LA COMMUNICATION

 

" Un mot n'a pas de sens qui lui soit donné par une puissance indépendante de nous.
Un mot n'a de sens que parce que quelqu'un lui a donné"
L. Wittgenstein

 

- nécessité d'une analyse sémantico-pragmatique du langage

- importance des références extra-liguistiques

- analyser l'interdefinissabilité commun / communication

 

"L'objet" discours

Les 5 étapes de fabrication d'un discours [Rhétorique d'Aristote] :

1- invention (choix du sujet, du ton, des types d'argument, ….)

2- Narration (disposition du discours, peroraison, …)

3- Locution (choix et place des mots)

4- Addiction du discours (prononciation)

5- mémorisation (afin de donner l'impression d'improviser).

Le discours est donc vu comme une séquence de phrases qui possède une organisation interne et qui doit atteindre un objectif par l'utilisation du langage ; cet objectif étant la persuation.

CO-TEXTE : ensemble des circonstances dans lesquelles s'énonce le discours.

 

Le statut linguistique du discours (Benveniste)

Benveniste place l'analyse du discours dans le cadre d'une analyse d'un acte (c'est à dire d'un événement qui a une fin), et qui est allocutif (s'adresse à quelqu'un).

C'est la question de la SIGNIFIANCE.

® signifiance sémiotique (signe linguistique)

® signifiance sémantique (discursif, phrase considéré comme unité de discours). Cette signifiance sémantique permet de comprendre que les mots n'ont une signification que dans un contexte (la phrase).

 

Les degrés de signifiance

1° Signification sommaire (étude de la forme du discours, du co-texte et des relations internes)

2° Relations externes. (contexte de référence)

3° Activation : prise en compte des données para-liguistiques (histoire communicationnelle, attentes, sous-entendus, …)

4° Interraction et communicabilité. (ensemble des actions intentionnelles au cour de la communication).

 

Les quatre grandes déterminations du contexte (Wittgenstein)

- Contexte circonstanciel (donner du sens par l'usage)

- Contexte situationnel (cadre du discours : famille, religion, etc…)

- Contexte interactionnel (perfomativité)
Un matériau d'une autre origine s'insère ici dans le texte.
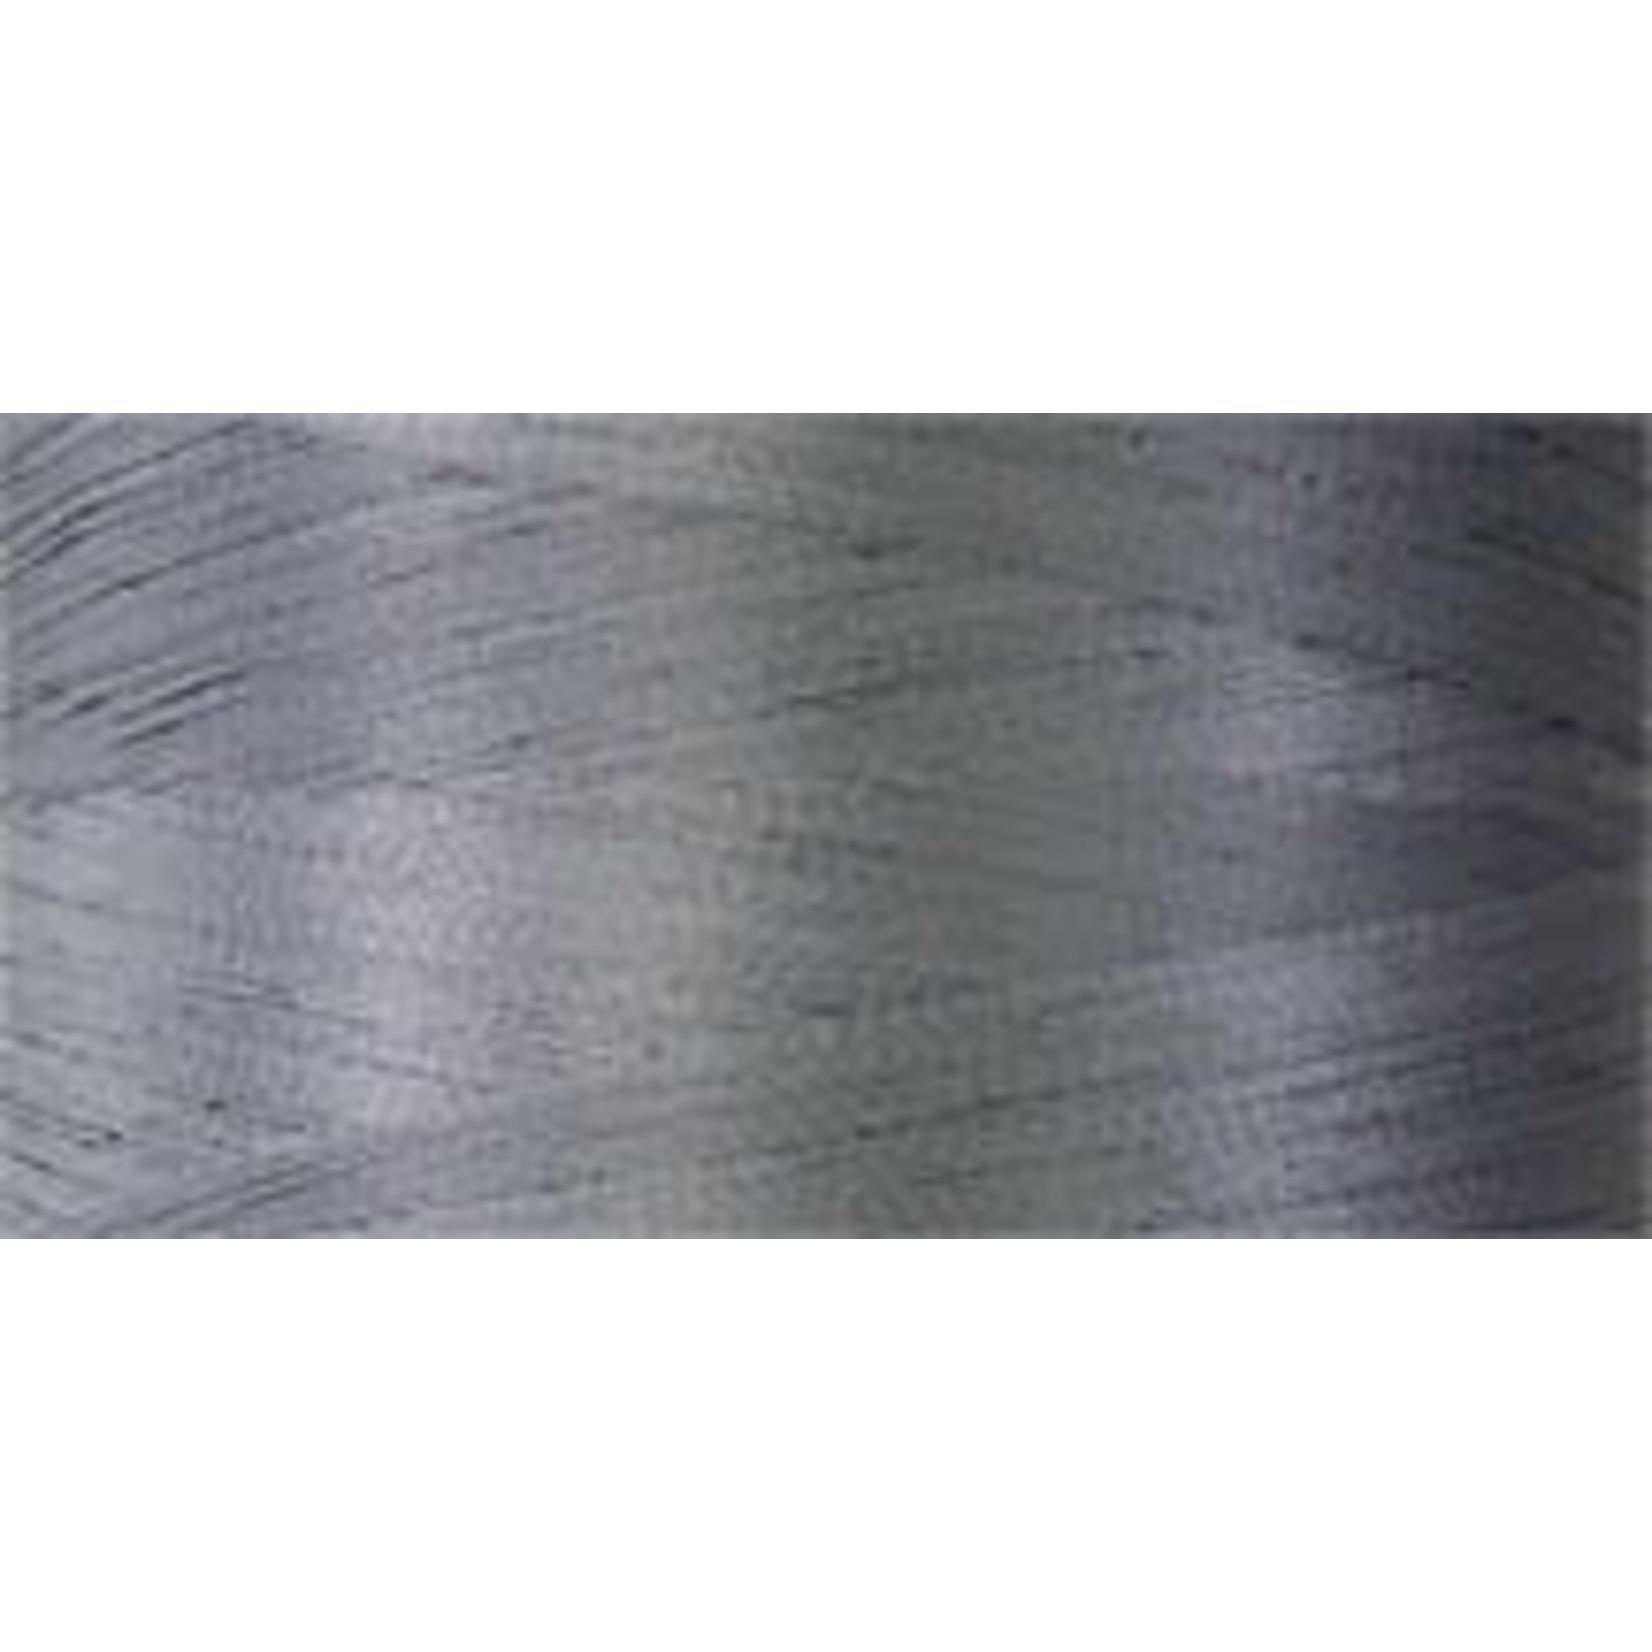 Superior Threads Bottom Line - #60 - 1300 m - 622 Gray

- Contexte pré-suppositionnel (pré-jugés, histoire communicationnelle,…)

 

Les actes de langage (Austin)

1° acte locutoire (prononciation organisé)

2° acte d'illocution (acte supplémentaire de dire dans l'acte même)

3° acte perlocutoire (acte produit par l'énoncé : dire c'est faire).


Les 5 actes illocutoires (Austin)

- verdictif : prononcer un jugement

- exercitif : formuler une décision

- commissifs : s'engager à une action

- exposifs : poser une conception (objecter, …)

- comportementaux : réaction (féliciter, etc…)


Les 5 actes (Searle)

1° Assertifs (description) : ajustement du monde aux mots

2° Directifs ( engager l'auditeur à une action)

3° Promissifs (s'engager soi-même)

4° Expressifs (acte psychologique)

5° Déclaratifs

 

Les concepts de communicativité et communicabilité (Francis Jacques)

- La COMMUNICATIVITÉ est l'aptitude d'une entité à être transmise en tant qu'elle est univoque ou déjà instauré.

- La COMMUNICABILITÉ est l'aptitude à instaurer un sens par l'echange en commun. Elle permet une innovation sémantique par l'intersubjectivité.

- Le SCHÉMA DIALOGIQUE est un schéma évolué par rapport à celui de Jakobson, qui permet le croisement des champs de discussion et la possiblité de rétro-action avec un référent commun.

- INTERSUBJECTIVITÉ (sensus communis de Kant) / INTERLOCUTION (créer du sens en commun dans la co-construction et dans l'usage).